Попсуев выучил речь назубок, не полагаясь на прекрасную память и свою способность импровизировать. Он не раз был свидетелем, как на подобных совещаниях искушенных бойцов с пиратскими глотками и не менее утонченными манерами усаживали с позором на место. На таких диспетчерских цеховики вполне по-пиратски топили конторских, конторские – цеховиков, начальники заводских служб – научно-исследовательскую лабораторию (НИЛ), начальник НИЛ – службы. Крайним обычно назначался цех.

Пользуясь тем, что Рапсодов не был настроен критически и ни в ком эту критичность не поддерживал, Сергей уложился в пять минут и успел изложить все аргументы и доказательства.

– Хм. – главный посмотрел на часы. – Что ж, толково. Сколько вы занимались этим вопросом?

– Пять месяцев, – соврал Попсуев.

– Хватит трех, – урезал Рапсодов. – Несмеяна Павловна, запишите: «Попсуеву передать материалы в НИЛ. Начальнику НИЛ и главному технологу дать замечания к майскому Дню качества. Контроль за мной».

– Сергей Васильевич, поздравляем! – зашумели в коридоре коллеги.

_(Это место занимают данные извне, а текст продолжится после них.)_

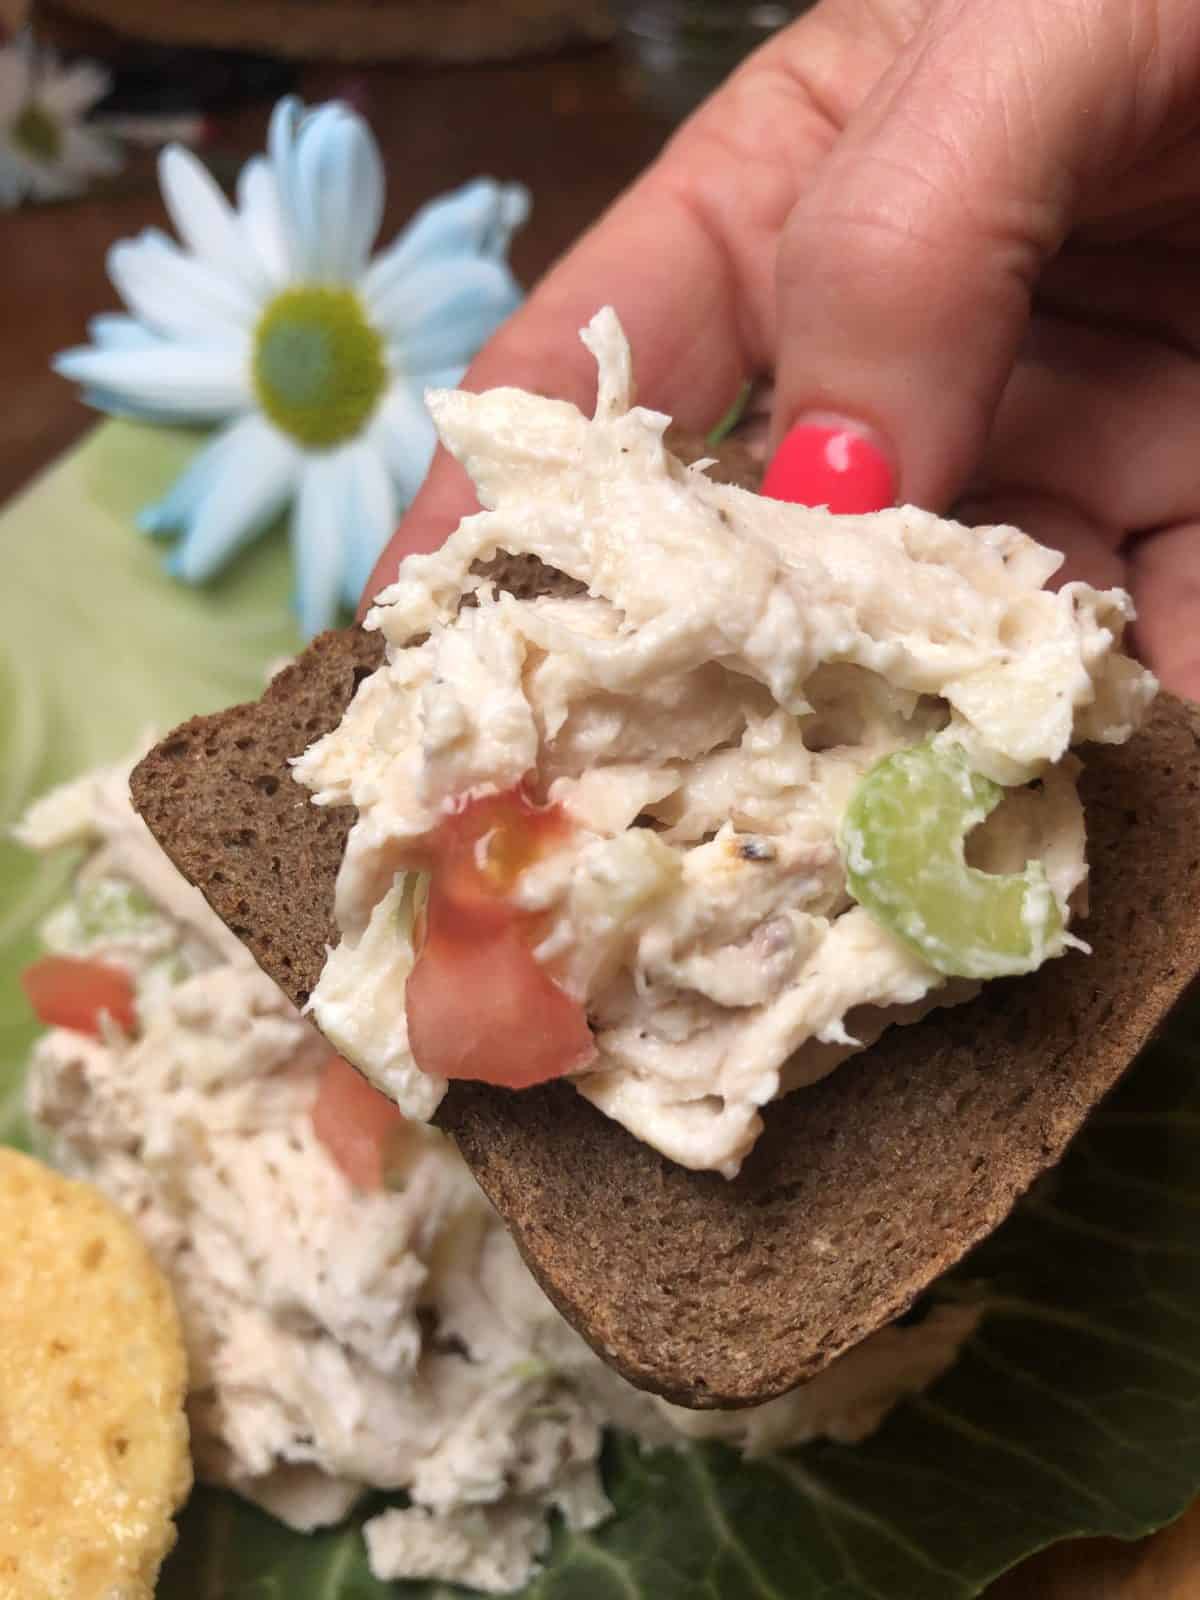 Chicken Salad on Pumpernickel Bread being held by a hand over a plate of homemade rotisserie chicken salad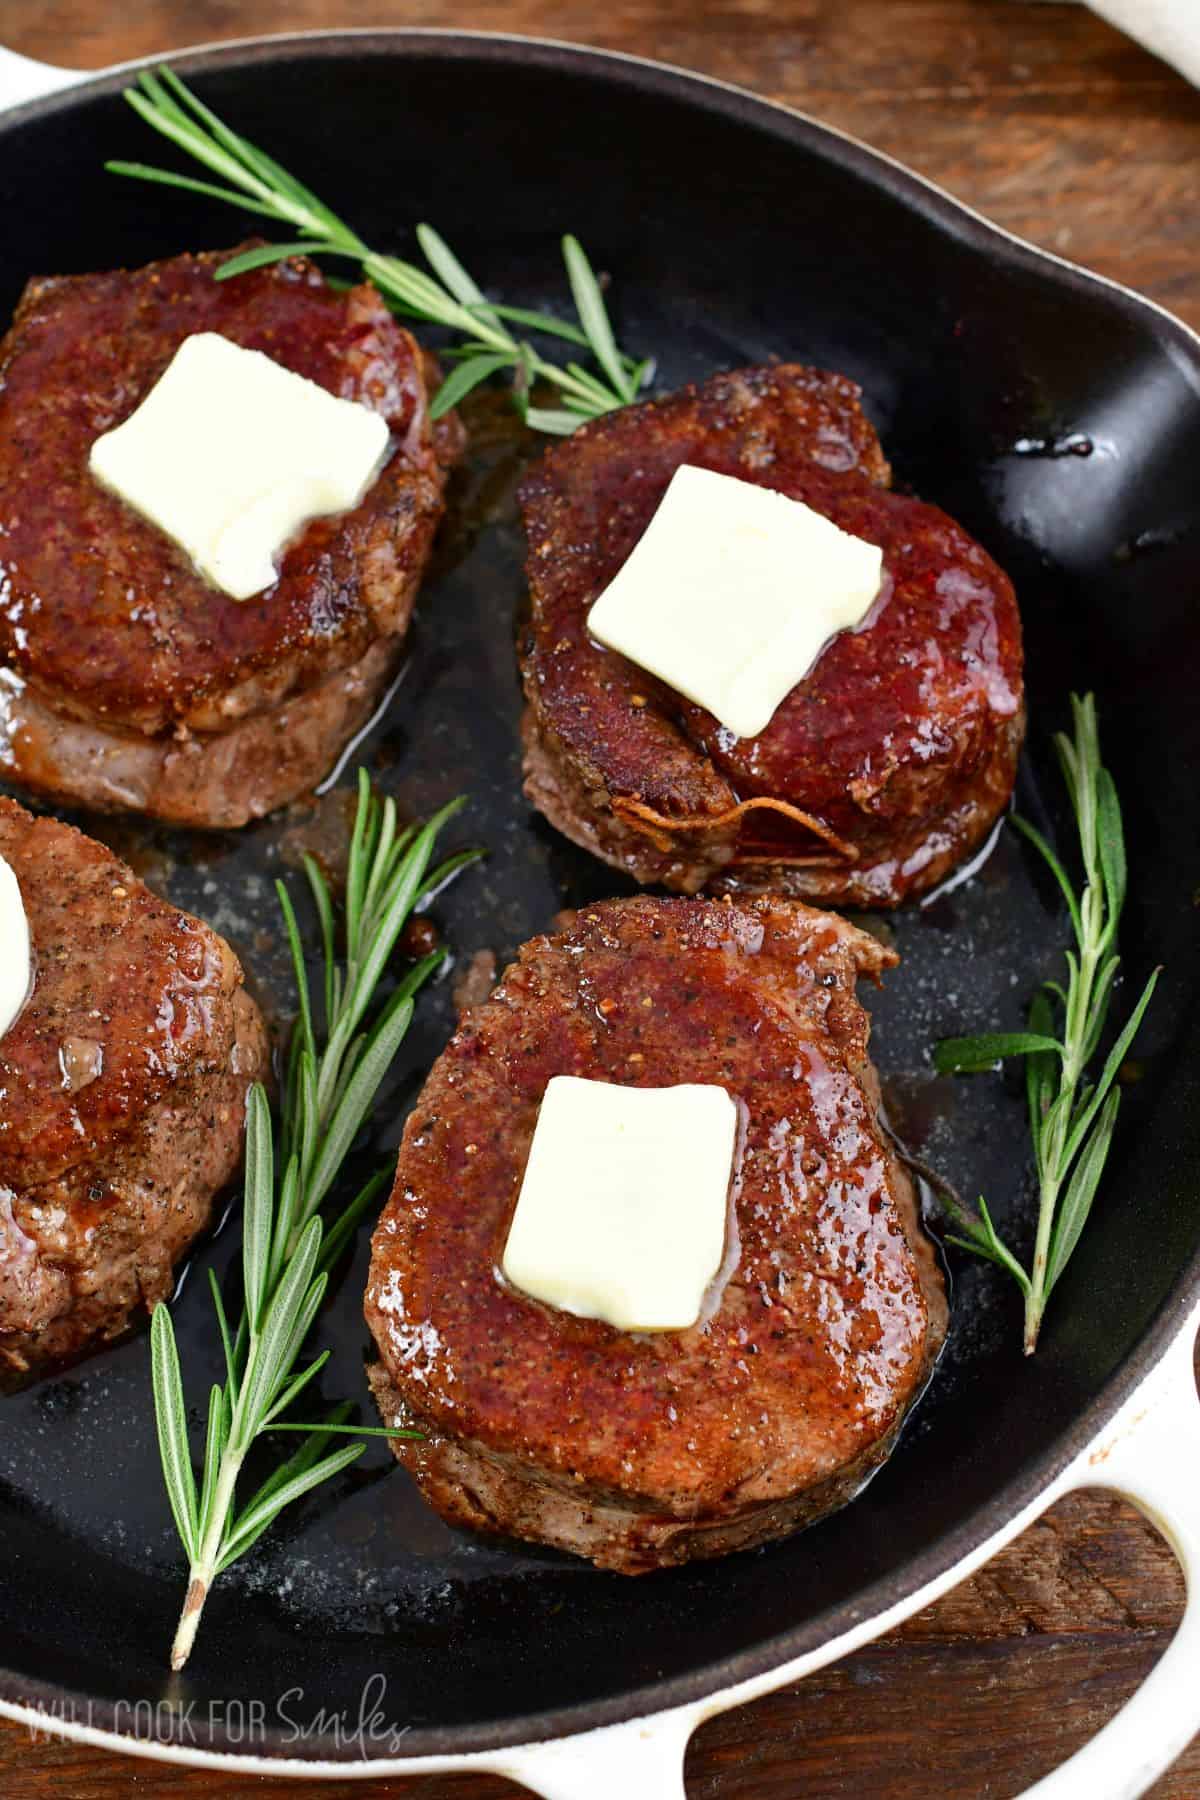 four filet mignon steaks in the skillet with butter and rosemary sprigs.

– Рано поздравлять, подождем, – отвечал тот.

А Берендей подошел на линии к Попсуеву и попенял: – Поспешил, Сергей! Вишь, сколько нахлебников нанесло. Ну да ладно, Родина-мать не забудет тебя.

На следующий день в «Вечернем Нежинске» появилась заметка Шебутного о производственном мастере «Нежмаша» и его успехах на производстве. На проходной возле доски с газетой Попсуев увидел Светланову, та читала заметку. Сергей поймал себя на том, что ему приятно ее внимание. Вряд ли она думала, что «Вечерка» может написать о нем! Интересно, как отнеслась она к этой фразе: «За такими инженерами, как Сергей Попсуев, будущее – не только производства, но и всей страны»?

 

Несмеяна в пятницу на диспетчерской поприветствовала мастера:

– Здравствуй, наше светлое будущее! Здравствуй, племя младое, незнакомое!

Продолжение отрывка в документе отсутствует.